While I try  to orient my life around the church calendar, I sometimes lose track of lesser feasts and fasts as I am spun ’round in the whirlwind of secular life.  The day I wrote this post a very secular habit — reading op-eds in The New York Times — reminded me that it was the 4th day of Christmas, the Feast of the Holy Innocents. It’s the day during each Christmastide when the slaughter of the male infants of Bethlehem at the hand of Herod is commemorated. (See Matthew 2:16) Fittingly,  The Times op-ed page carried a most thought-provoking piece, “On the 4th Day of Christmas, They Came for the Babies. Written by The Rev. Esau McCaulley of Wheaton College, you can read it here: https://www.nytimes.com/2019/12/27/opinion/christmas-feast-of-innocents.html

 

I found one paragraph in McCaulley’s piece arresting: 

 

The church calendar calls Christians and others to remember that we live in a world in which political leaders are willing to sacrifice the lives of the innocent on the altar of power. We are forced to recall that this is a world with families on the run, where the weeping of mothers is often not enough to win mercy for their children. More than anything, the story of the innocents calls upon us to consider the moral cost of the perpetual battle for power in which the poor tend to have the highest casualty rate.”

 

Who are the innocents of this just past Christmastide? One doesn’t have to think long or hard to come up with a list. Among the literally countless possibilities, four immediately come to mind: 

 

  1. Innocent civilians killed in the proxy wars of the great powers:  One obvious example is the war in Yemen. While it has fallen off the front pages, it continues taking a devastating toll on Yemen’s non-combatant civilian population. An  article from The Guardian six months ago summed it up: 

 

https://www.theguardian.com/global-development/2019/jun/20/human-cost-of-yemen-war-laid-bare-as-civilian-death-toll-put-at-100000

 

Yemen’s slaughtered innocents — perhaps as many as 100,000 in the past year and a half — are non-combatant civilians killed in the crossfire between the Iranian -backed Houthis and the Saudi-led coalition. The war is fueled by arms from the U.S., where the Trump Administration and its Republican allies in Congress have fought hard to keep weapons flowing. The British are also complicit in this near genocidal enterprise. 

 

Worldwide condemnation of this senseless proxy war has done almost nothing to stop it. The riches of Saudi Arabia and the cupidity of its western allies is simply too much for the forces of compassion and peace to overcome. For more on this,  see my post on Oct. 9, 2018, entitled “Misplaced Outrage.”

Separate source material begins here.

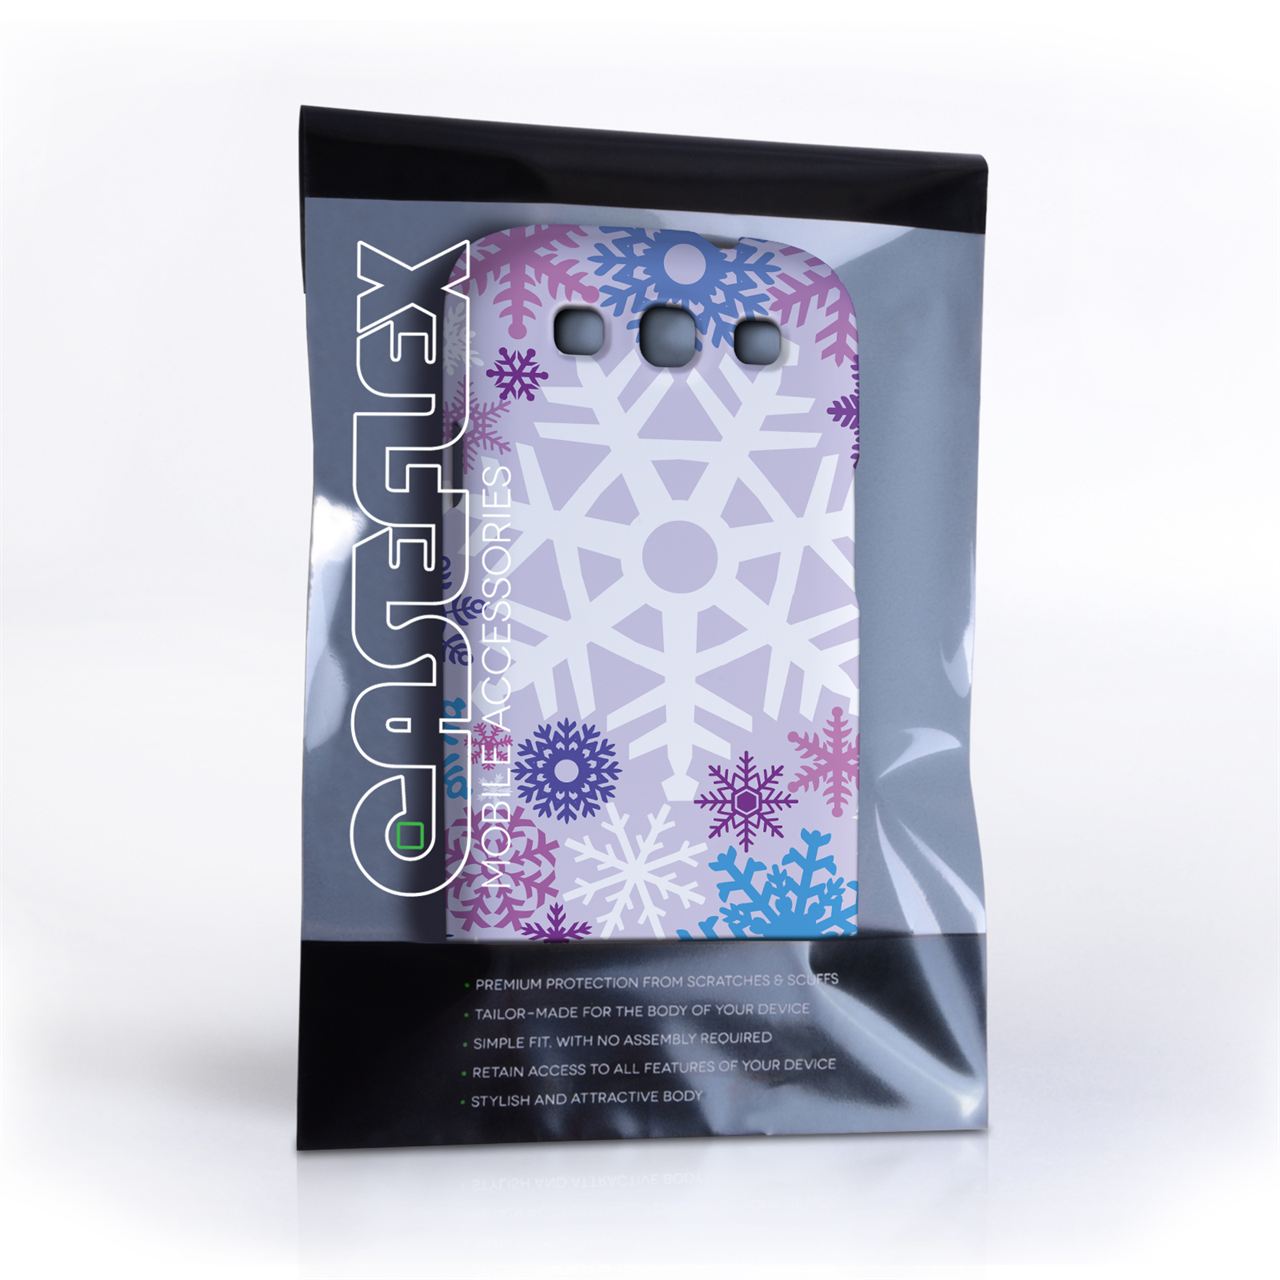 Caseflex Samsung Galaxy S3 Winter Christmas Snowflake Cover – Purple

https://thequixoticdeacon.com/current-events/misplaced-outrage/

 

  1. Immigrant families separated at the U.S.-Mexican border: As has been widely reported and decried, separating families to discourage immigration — the signature policy of Trump advisor Stephen Miller — has snatched thousands of young children from their parents, and vice versa. As the Rev. McCaully wrote, the weeping of mothers is often not enough to win mercy for their children. NBC reported in October that the administration’s get-tough policy has separated 5,400 children from their parents.

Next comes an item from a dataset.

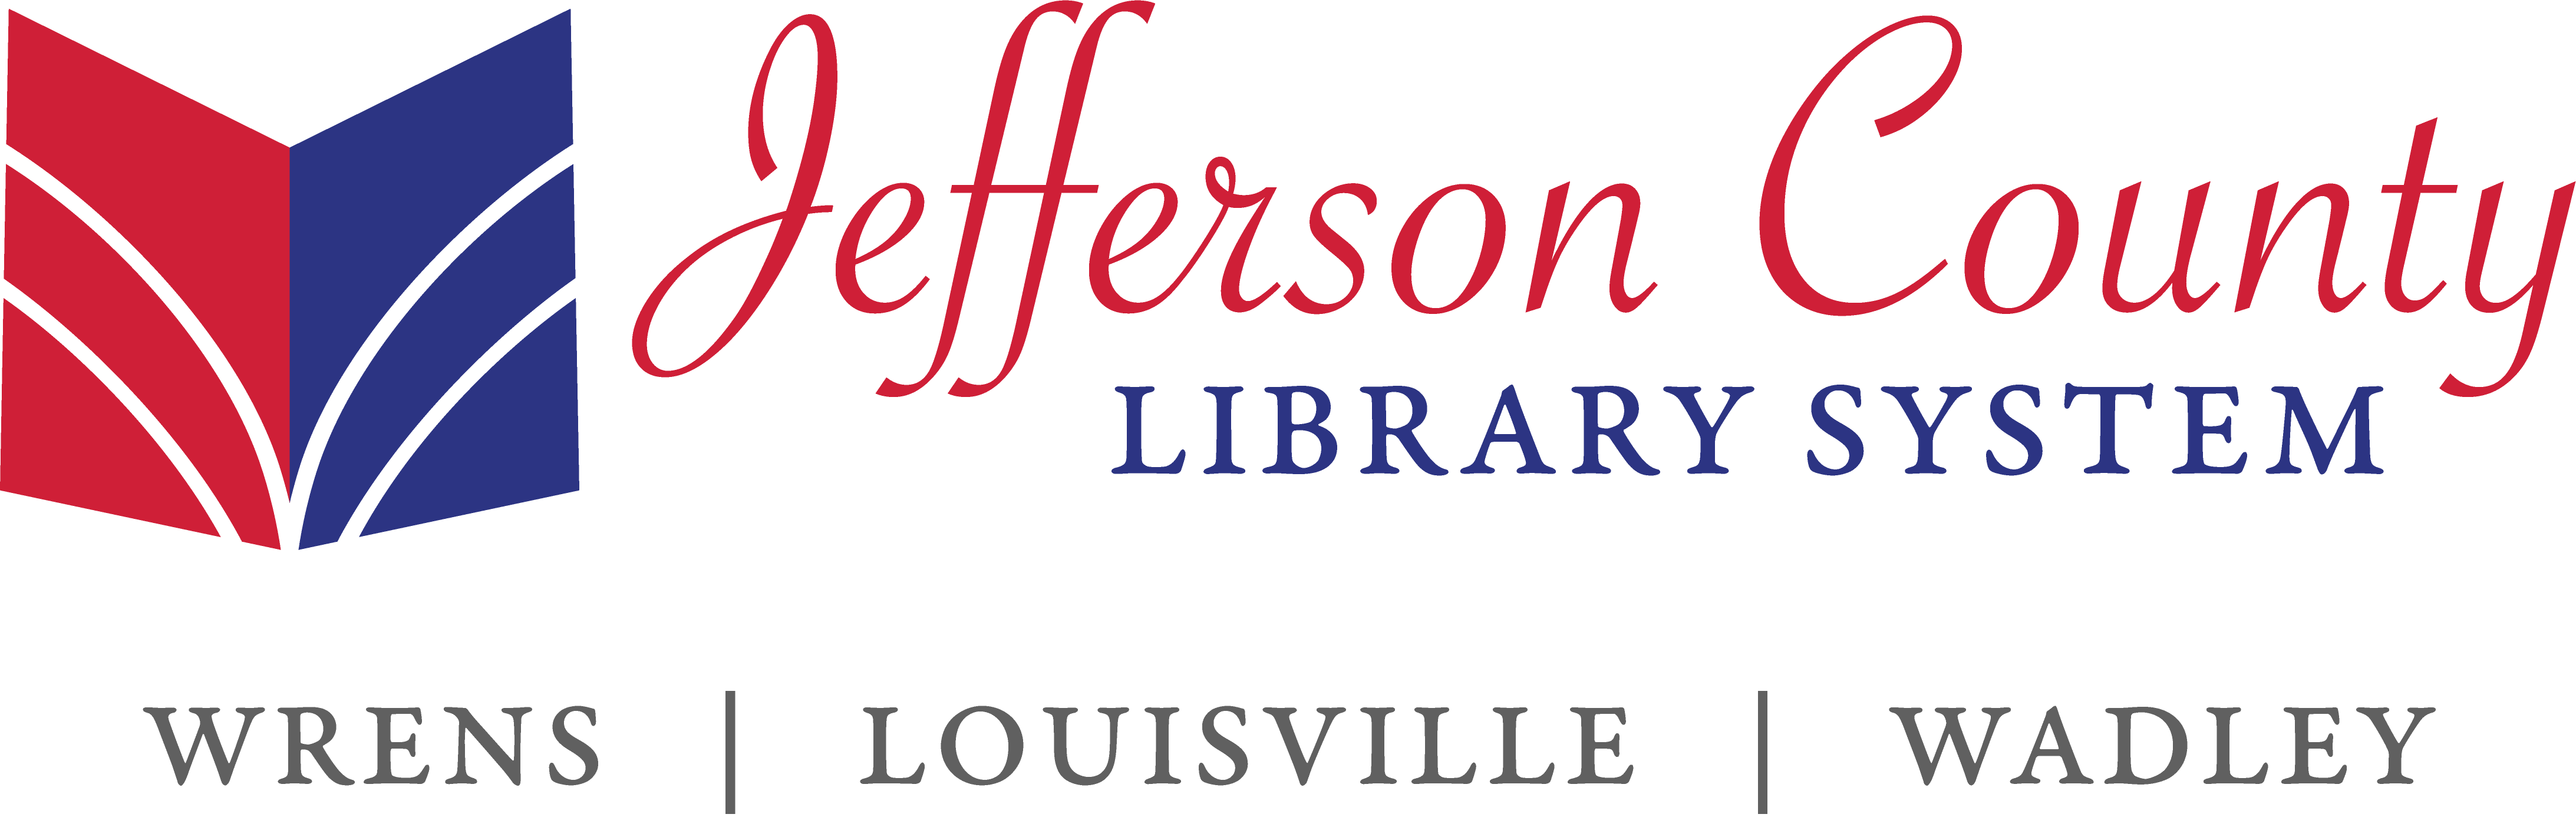 Jefferson County Library System logo

https://www.nbcnews.com/news/us-news/more-5-400-children-split-border-according-new-count-n1071791

 

  1. Refugees: According to the United Nation’s refugee agency (UNCHR), 5 million Syrian refugees have fled to other countries, like Jordan, where they are corralled in huge camps. Many have been there for years. Within Syria, UNCHR estimates there are some 13 million displaced persons needing food and shelter. These aren’t the only refugees in the world, only a single example in a global crisis. Countries with the most capacity to accept refugees have been asked repeatedly by the U.N. to step up and help with resettlement. The country with the largest capacity by far, the United States, has done exactly the opposite. 

 

I laid all of this out in more detail in a sermon on World Refugee Week in 2018. I said, in part, 

“Now, a few facts are in order, and I need only deal with the Syrian refugee population to illustrate the case. The U.N. counts official refugees as defined earlier. Again — people who have crossed an international border, registered with the UN, and requested resettlement in another country. Twenty-two million persons meet these conditions worldwide; among them are 6 million Syrians. Most are in refugee camps in Turkey, Jordan, and Lebanon. More than half are children. Germany and Sweden have taken in the most Syrian refugees — 300,000 and 100,000 respectively.  The U.S., by comparison, has cut its target for accepting refugees from all countries by more than half for this fiscal year. We say we will admit a total of 45,000 refugees of which 10,000 could come from Syria. As of mid-April, we had admitted 44 Syrian refugees compared with 6,000 the year before during the same 3½ -month period. So a change in the White House reduced our willingness to accept Syrian refugees by over 99 percent. The Trump Administration has effectively slammed the door on Syrian refugees. Executive orders regarding enhanced vetting of refugee applicants has effectively cut off the flow. This is not an accident.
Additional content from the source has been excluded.